Modification of the surface nanotopography of implant devices: A translational perspective

Abstract

There is an increasing need for the development of superior, safe, and more sophisticated implants, especially as our society historically has been moving towards an increasingly aging population. Currently, most research is being focused on the next generation of advanced medical implants, that are not only biocompatible but have modified surfaces that direct specific immunomodulation at cellular level.

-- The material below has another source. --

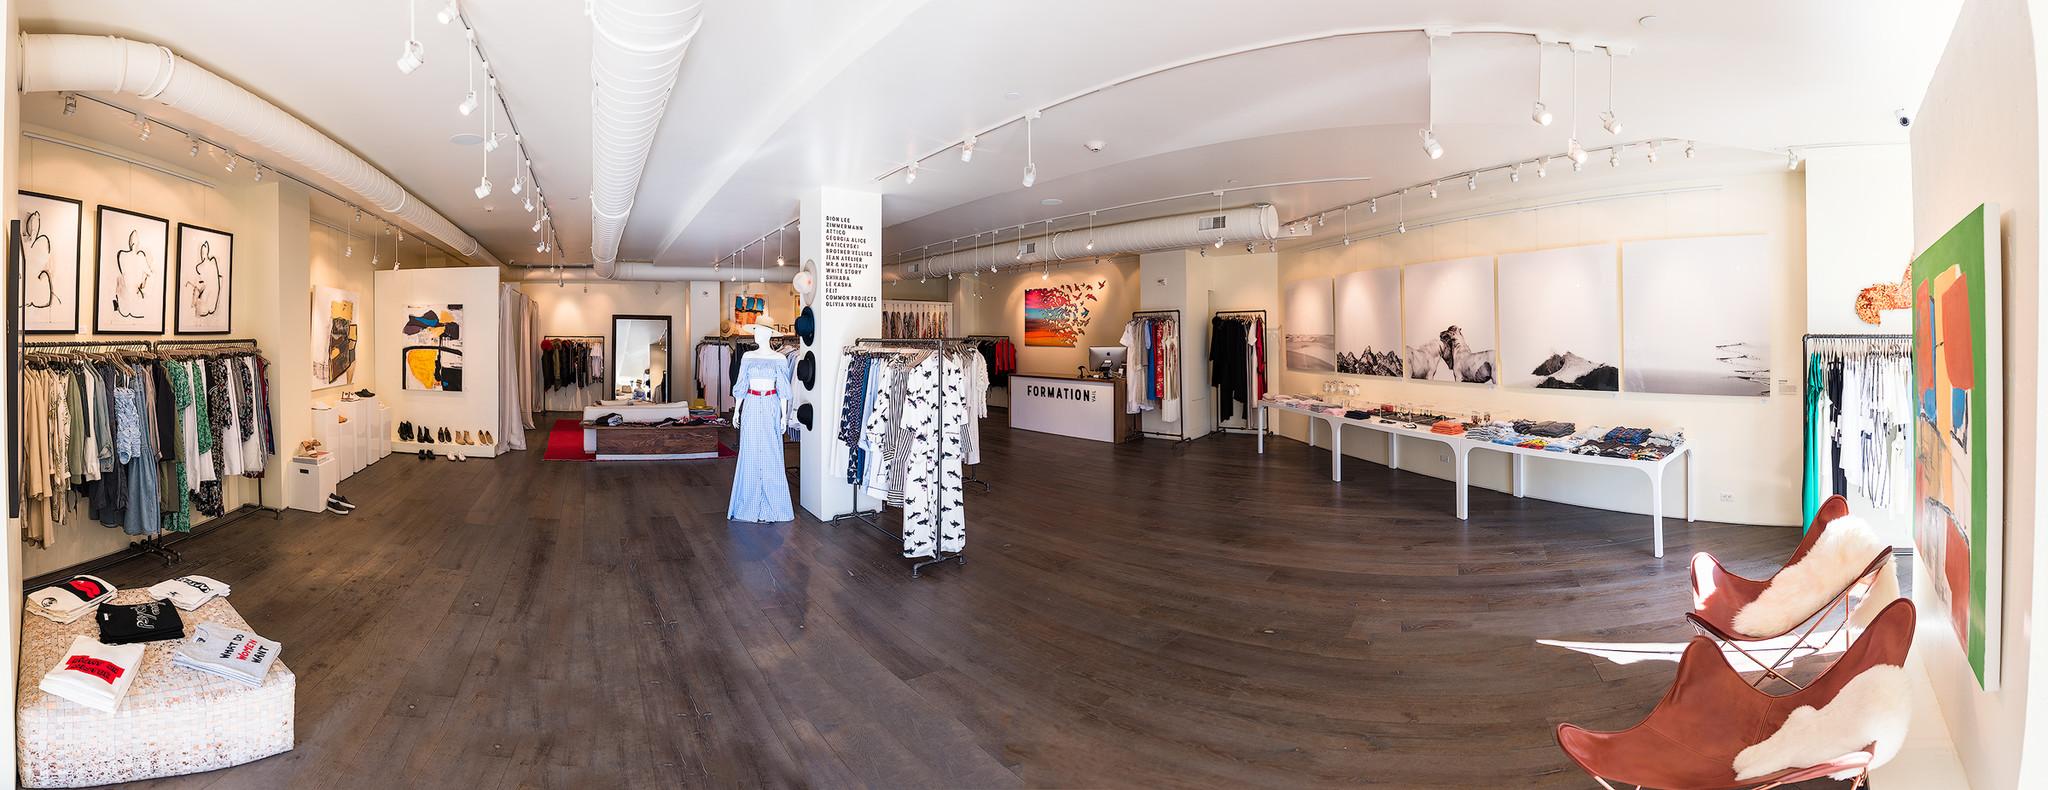 Inside Formation Boutique

While there is a plethora of information on cell-surface interaction and how surfaces can be nanofabricated at research level, less is known about how the academic knowledge has been translated into clinical trials and commercial technologies. In this review, we provide a clinical translational perspective on the use of controlled physical surface modification of medical implants, presenting an analysis of data acquired from clinical trials and commercial products. We also evaluate the state-of-the-art of nanofabrication techniques that are being applied for implant surface modification at a clinical level. Finally, we identify some current challenges in the field, including the need of more advanced nanopatterning techniques, the comparatively small number of clinical trials and comment on future avenues to be explored for a successful clinical translation.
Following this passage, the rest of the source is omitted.